Win7 is the second SP for Vista.
 
I'm planning to create a Vista/Win7 dual-boot on a system that
currently runs Vista (32-bit) and need feedback on which of two HDs to
use. The 1T has Vista installed and currently has 694gb free. The
second HD has 465gb of 500gb free (both are Seagate). I've heard that
it's better to put the OS's of a dual-boot on separate drives, if
possible. True?

If you're comfortable with Ranish and various low level partition
manipulators, and, unless there are issues with either W7 or Vista
accessing low-level settings, that is, once past the initial
installation.

I don't run either, just XP. Basically it's about hiding partitions
Windows Operating Systems wouldn't need to or shouldn't see. Once the
OS is stable, IMO, it's mainly about being very careful about
subsequent hardware and sometimes software changes.

I just swapped cases last night (and a few minor changes - 1 new USB
port, a SATA MB port DVD hookup). Tricky, how XP can screw itself
up. But, since I'm ghosted, I was able to repeat the installation and
duplicate the errors to find what was causing XP the grief (required
stagged, consecutive hardware detection of each piece, singularly,
before advancing to next "changes". Three DVDs running simultaneously
over separate DMA channels into three 200/250G 5-year-old Seagate
HDs. 756 3000 AMD on an Asus, doing it, bumps the temp from 100 to
125F, but still sweet. Getting media off DVDs and onto 1T drives via
a USB docking station).

I prefer keeping an OS small by installing subsequent software to
other partitions (potentially shared OS resources is a further
possibility). Then I can Ghost the OS into smaller, faster-to-restore/
write binary-sector images. Once my images are backed-up, Ghost will
account adapting to most any sector sizing.

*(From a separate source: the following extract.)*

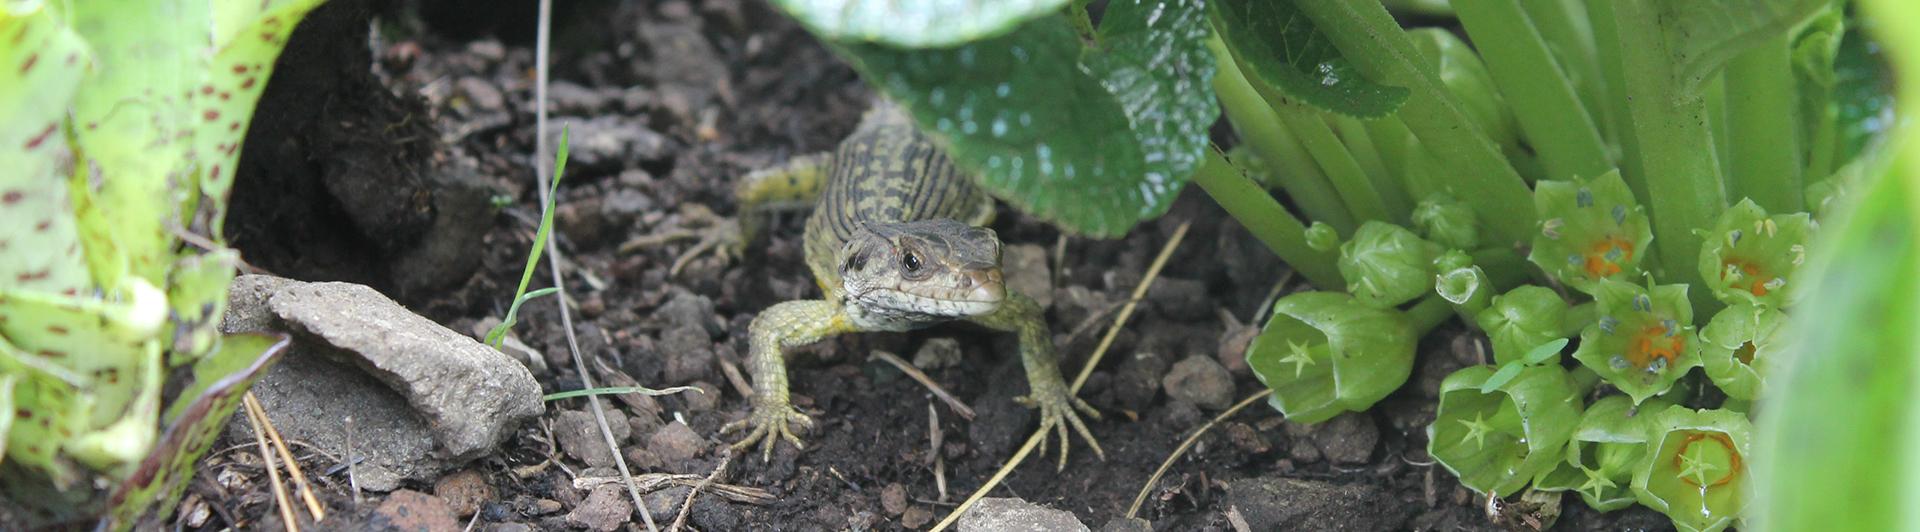 Lizard Polinates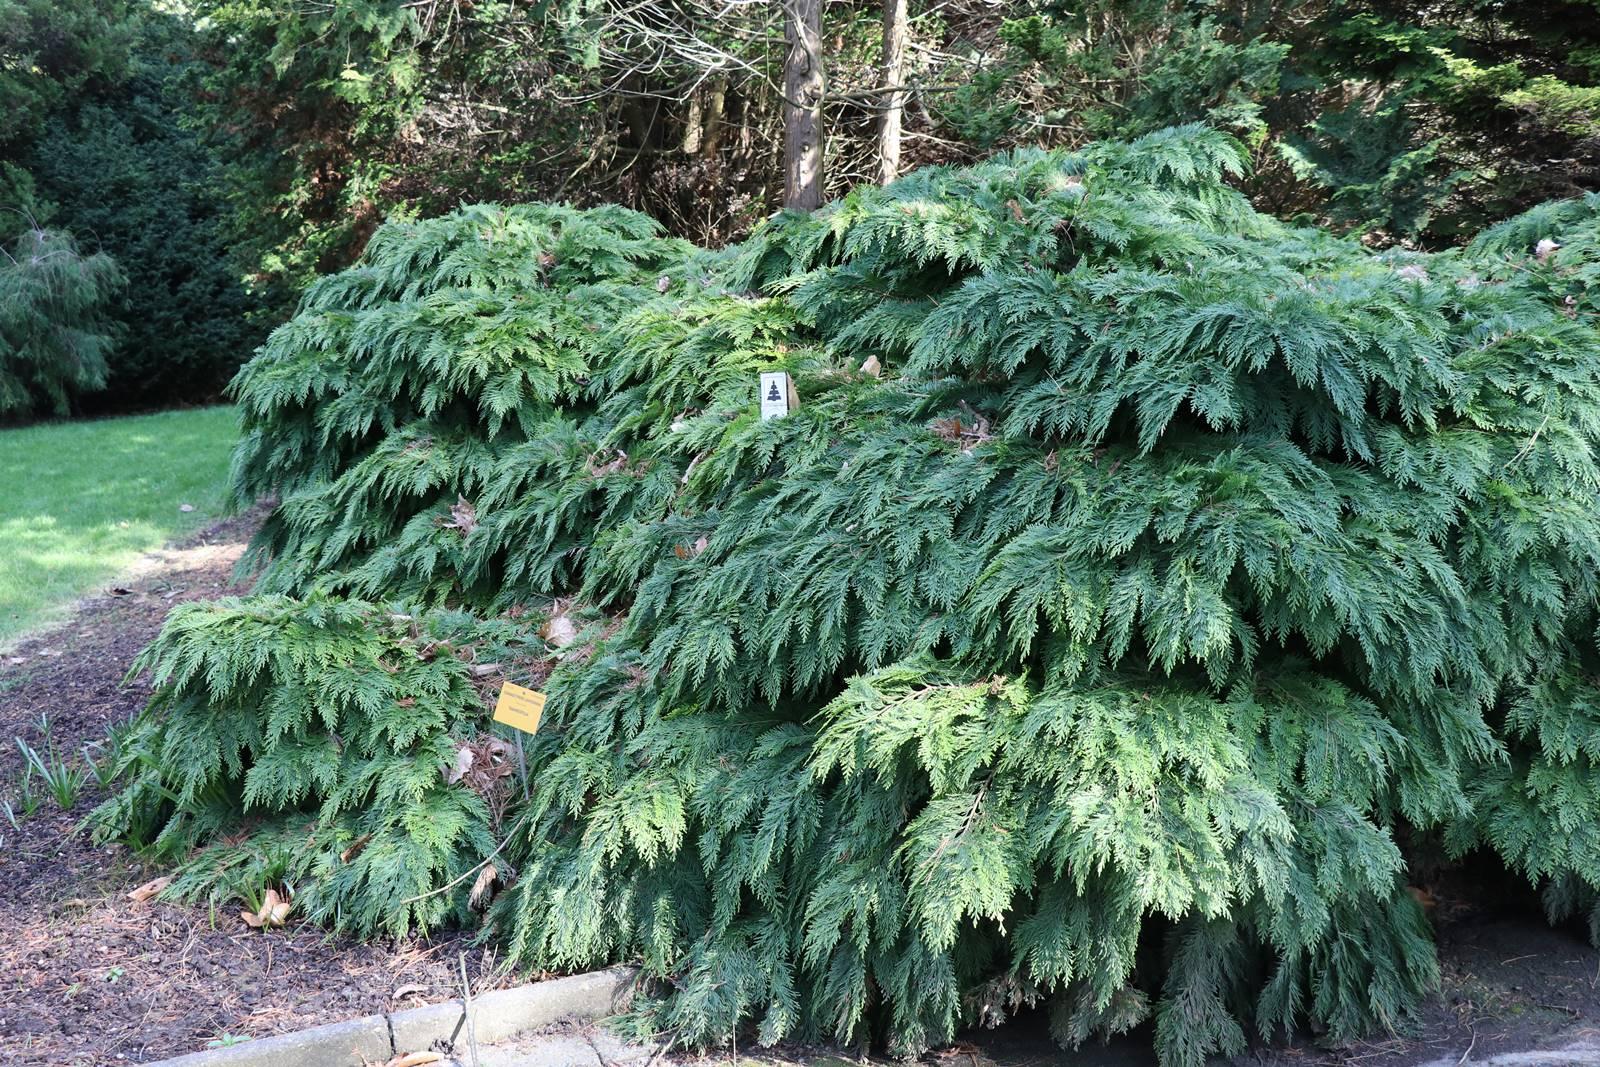 Chamaecyparis lawsoniana Tamariscifolia

Which is circularly roundabout back to low level manipulations. If
partitions and drive letter assignments match, should be a mote point,
where the operating system is going (aside a little juggling in the OS
hardware detection phase, and a drive model ID coming up as detected
for different). I personally prefer everything related to an OS on
one drive (some partitions/logical assignments of course being hidden
by a boot arbitrator), in dealing and keeping storage issues from a
core gist of OS "maintenance" -- apart on other drives.